Select locale (application settings)

If your application is locale enlightened (most are, but not some legacy CSC applications), then yous can select the locale by

export LC_ALL=en_US.UTF-viii ## bash

setenv LC_ALL en_US.UTF-8 ## tcsh

and and then run your application. To simply configure the character encoding, change the LC_CTYPE environs variable instead.

You can also select which locale to employ when you log in locally, but this may cause trouble when you utilise a different operating arrangement. Nosotros recommend that you utilize the default settings and re-configure the applications instead.
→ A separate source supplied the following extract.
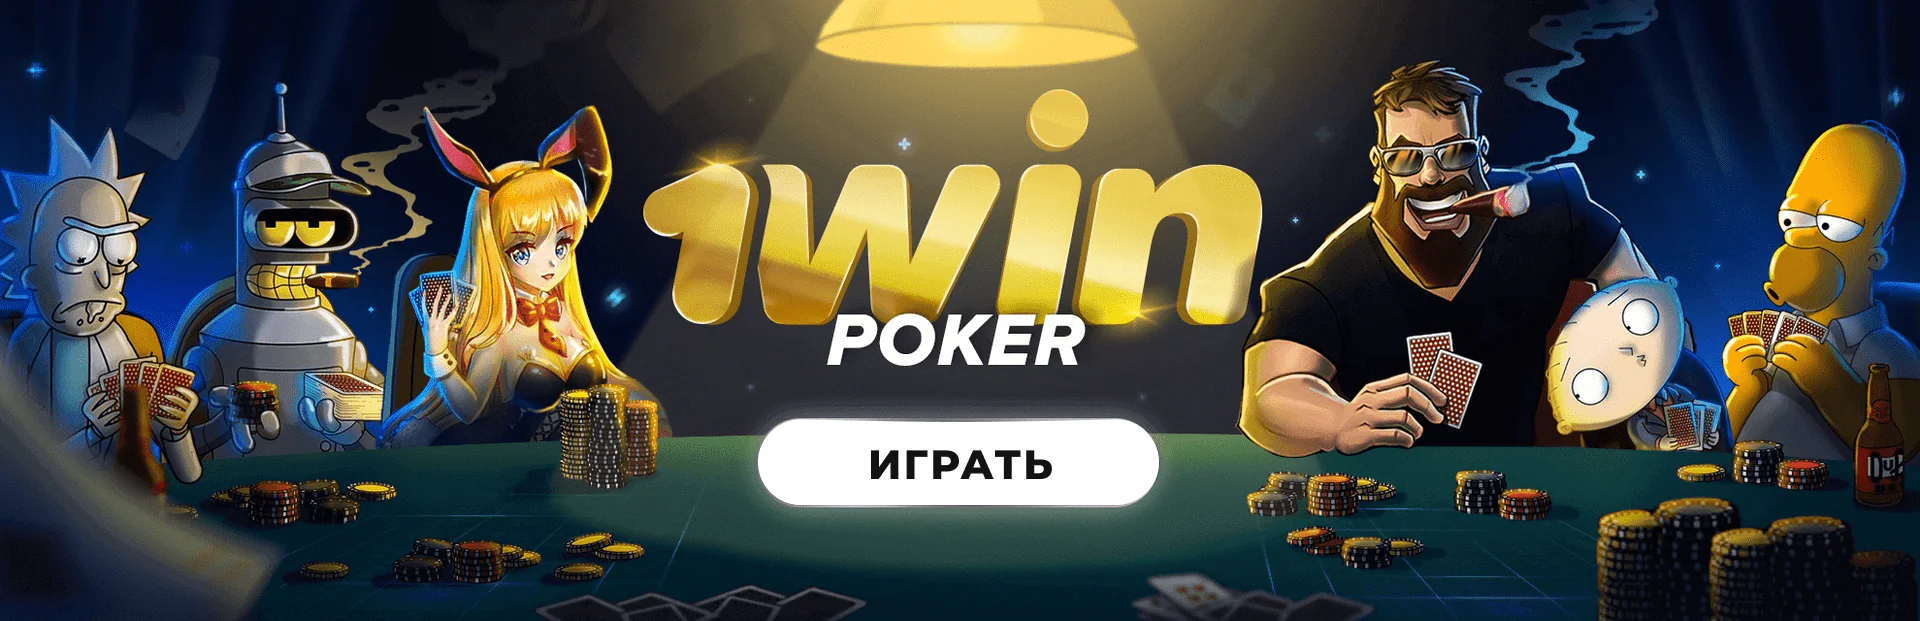 RedTiger производитель игр в казино 1вин Украина 🏆

Configuring terminal encoding

Ubuntu

The encoding used by Gnome's terminal tin exist change under Final and then Set Character Encoding, but unless you accept previously done so, you need to add together the "Western (ISO-8859-1)" encoding.

Ubuntu terminal

Mac Bone X

The default settings for Last.app is to use UTF-8. This tin can be changed by going to Terminal and then Preferences… so Advanced.

Terminal.app preferences

The default for X11.app'due south xterm is to apply latin1. You tin alter this by editing the startup sequence for X11, but it's easier to simply apply Terminal.app.

X11.app's xterm
Terminal.app

MS Windows

PuTTY's settings can exist inverse under Window and then Translation in the configuration dialog.

PuTTY's settings

CSC'south Windows computers currently run SSH Secure Shell from Tectia (formerly SSH Communications Security Corp). It is not UTF-8 enlightened, and will default to using latin1 encoding.